Hypothesis: Early Ketone Rise Predicts Tissue-Specific Autophagy via HDAC Inhibition Modulated by Genetic Variants

Core idea The speed at which β‑hydroxybutyrate (BHB) rises during an early fasting window predicts the magnitude of autophagy activation in metabolically active tissues, and this relationship is modulated by genetic variation in histone deacetylase (HDAC) enzymes that govern BHB’s epigenetic effects.

Mechanistic rationale

• BHB acts as an endogenous HDAC inhibitor, increasing acetylation of transcription factors such as FOXO3, which drives expression of autophagy genes (e.g., LC3B, BECN1) {[https://pmc.ncbi.nlm.nih.gov/articles/PMC12900492/]}.
• Individuals with rapid BHB elevation (>0.5 mM · h⁻¹ in the first 4 h of fasting) achieve higher intracellular HDAC inhibition sooner, leading to stronger FOXO3 acetylation and a larger autophagic flux, measurable as increased LC3B‑II/LC3B‑I ratio in peripheral blood mononuclear cells (PBMCs) {[https://pubmed.ncbi.nlm.nih.gov/41372565/]}.
• However, autophagy induction is tissue‑specific; liver shows robust responses whereas skeletal muscle shows minimal change {[https://www.intechopen.com/chapters/1143303]}. The proposed mechanism predicts that the BHB‑autophagy link will be strongest in liver‑derived signals (e.g., serum hepatokine FGF21) and PBMCs, but not in muscle‑derived markers.
• Genetic polymorphisms in HDAC6 or SIRT1 alter basal acetylation status and sensitivity to BHB‑mediated inhibition. Loss‑of‑function variants in HDAC6 already elevate FOXO3 acetylation, reducing the incremental effect of BHB; consequently, carriers may show a blunted autophagy response despite rapid ketone rise. Conversely, gain‑of‑function SIRT1 variants may enhance deacetylation of autophagy regulators, requiring higher BHB levels to achieve comparable flux.

Testable predictions

1. In a cohort undergoing a standardized 24‑hour fast, early BHB kinetics (area under the curve 0‑4 h) will positively correlate with LC3B‑II/LC3B‑I ratio in PBMCs (r > 0.4, p < 0.01).
2. The same BHB metric will correlate with liver‑specific autophagy readouts (e.g., serum FGF21 increase or MRI‑derived hepatic lipid droplet turnover) but not with muscle‑specific markers (e.g., myofibrillar LC3B staining from biopsy).
3. Stratification by HDAC6 rs11755690 (or SIRT1 rs7895833) genotypes will reveal interaction effects: the BHB‑autophagy slope will be significantly lower in HDAC6 loss‑of‑function carriers (p < 0.05 for interaction term).
4. Pharmacologic HDAC inhibition (e.g., low‑dose vorinostat) administered during fasting will equalize autophagy responses across genotypes, diminishing the genetic interaction.
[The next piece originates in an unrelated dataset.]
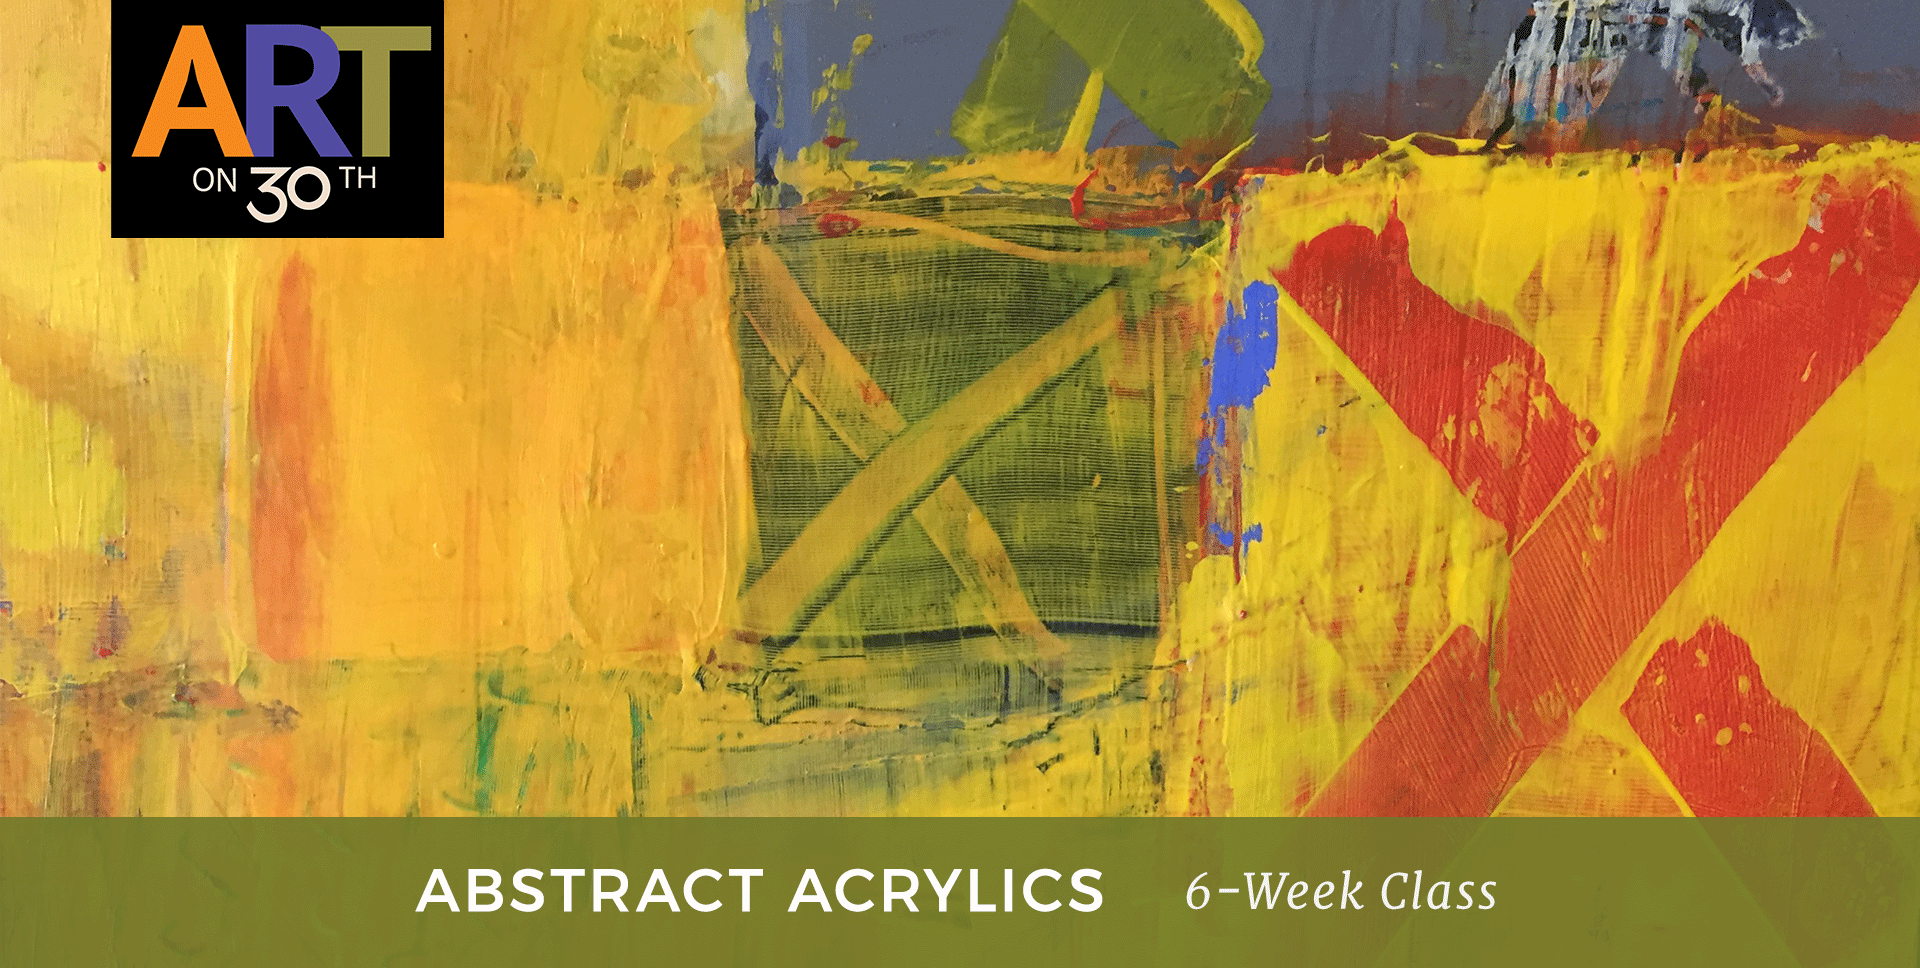 WED - Intro to Abstract Acrylic Painting with Kristen Ide

Falsifiability If early BHB rise fails to predict autophagy flux in PBMCs or liver markers, or if genotype does not modify the BHB‑autophagy relationship, the hypothesis is refuted. Likewise, if HDAC inhibition does not abolish genotype‑dependent differences, the mechanistic link via HDAC inhibition is unsupported.

Implications Validating this hypothesis would enable a simple, inexpensive biomarker—early ketone kinetics—to personalize fasting duration and intensity, optimizing autophagic benefits while avoiding unnecessary prolonged restriction in non‑responders.